### DATASET EXTRACT

====

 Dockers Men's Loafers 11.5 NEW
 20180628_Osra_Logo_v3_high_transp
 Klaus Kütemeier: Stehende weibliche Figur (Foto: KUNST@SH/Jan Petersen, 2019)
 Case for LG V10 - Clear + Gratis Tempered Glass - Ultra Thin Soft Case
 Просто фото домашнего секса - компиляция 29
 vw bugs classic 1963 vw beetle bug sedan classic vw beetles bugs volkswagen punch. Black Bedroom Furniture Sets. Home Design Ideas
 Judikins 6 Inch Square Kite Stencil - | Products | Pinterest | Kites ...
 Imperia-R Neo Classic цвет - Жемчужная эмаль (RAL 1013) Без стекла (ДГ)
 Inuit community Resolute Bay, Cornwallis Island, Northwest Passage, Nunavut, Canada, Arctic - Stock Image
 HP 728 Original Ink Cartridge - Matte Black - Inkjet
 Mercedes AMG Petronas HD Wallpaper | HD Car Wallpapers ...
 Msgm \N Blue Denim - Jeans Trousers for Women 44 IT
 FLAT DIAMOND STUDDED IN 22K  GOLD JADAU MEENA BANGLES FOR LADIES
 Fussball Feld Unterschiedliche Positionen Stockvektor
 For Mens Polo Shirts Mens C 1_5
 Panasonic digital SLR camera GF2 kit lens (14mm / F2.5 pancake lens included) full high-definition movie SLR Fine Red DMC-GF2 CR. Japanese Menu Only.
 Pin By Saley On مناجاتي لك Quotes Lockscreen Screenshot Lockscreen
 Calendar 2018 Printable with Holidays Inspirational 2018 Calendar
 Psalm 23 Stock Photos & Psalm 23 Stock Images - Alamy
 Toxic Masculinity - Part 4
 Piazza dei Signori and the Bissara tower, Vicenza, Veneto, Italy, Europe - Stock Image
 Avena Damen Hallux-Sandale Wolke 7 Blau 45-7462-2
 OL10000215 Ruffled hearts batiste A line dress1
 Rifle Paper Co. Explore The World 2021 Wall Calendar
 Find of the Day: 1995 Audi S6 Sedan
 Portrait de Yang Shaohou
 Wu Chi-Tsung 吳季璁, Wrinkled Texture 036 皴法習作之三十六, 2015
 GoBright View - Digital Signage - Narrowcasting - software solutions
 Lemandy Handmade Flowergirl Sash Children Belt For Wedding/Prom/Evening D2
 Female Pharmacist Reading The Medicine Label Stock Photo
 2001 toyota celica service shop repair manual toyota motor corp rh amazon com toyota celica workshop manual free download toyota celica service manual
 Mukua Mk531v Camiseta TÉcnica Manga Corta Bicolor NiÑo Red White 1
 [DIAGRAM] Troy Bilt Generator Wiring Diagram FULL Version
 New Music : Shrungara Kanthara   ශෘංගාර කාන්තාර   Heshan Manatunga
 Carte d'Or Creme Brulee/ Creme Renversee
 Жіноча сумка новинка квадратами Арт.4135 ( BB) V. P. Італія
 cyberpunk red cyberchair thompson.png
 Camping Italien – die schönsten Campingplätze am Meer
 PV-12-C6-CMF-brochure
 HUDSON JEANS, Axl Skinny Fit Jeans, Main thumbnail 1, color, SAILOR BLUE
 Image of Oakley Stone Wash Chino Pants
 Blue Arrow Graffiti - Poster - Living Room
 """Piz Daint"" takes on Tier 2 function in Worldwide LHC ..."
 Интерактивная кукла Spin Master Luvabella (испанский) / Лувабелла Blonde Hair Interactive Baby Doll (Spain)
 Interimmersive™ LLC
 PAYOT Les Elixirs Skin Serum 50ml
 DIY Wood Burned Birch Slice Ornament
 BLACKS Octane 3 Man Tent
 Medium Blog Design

====

### EXERCISE BRIEF
Where the line holding "Find of the Day: 1995 Audi S6 Sedan" appears in the listing above, start reproducing exactly, and end with the line holding "HUDSON JEANS, Axl".

### PROBLEM SOLUTION
 Find of the Day: 1995 Audi S6 Sedan
 Portrait de Yang Shaohou
 Wu Chi-Tsung 吳季璁, Wrinkled Texture 036 皴法習作之三十六, 2015
 GoBright View - Digital Signage - Narrowcasting - software solutions
 Lemandy Handmade Flowergirl Sash Children Belt For Wedding/Prom/Evening D2
 Female Pharmacist Reading The Medicine Label Stock Photo
 2001 toyota celica service shop repair manual toyota motor corp rh amazon com toyota celica workshop manual free download toyota celica service manual
 Mukua Mk531v Camiseta TÉcnica Manga Corta Bicolor NiÑo Red White 1
 [DIAGRAM] Troy Bilt Generator Wiring Diagram FULL Version
 New Music : Shrungara Kanthara   ශෘංගාර කාන්තාර   Heshan Manatunga
 Carte d'Or Creme Brulee/ Creme Renversee
 Жіноча сумка новинка квадратами Арт.4135 ( BB) V. P. Італія
 cyberpunk red cyberchair thompson.png
 Camping Italien – die schönsten Campingplätze am Meer
 PV-12-C6-CMF-brochure
 HUDSON JEANS, Axl Skinny Fit Jeans, Main thumbnail 1, color, SAILOR BLUE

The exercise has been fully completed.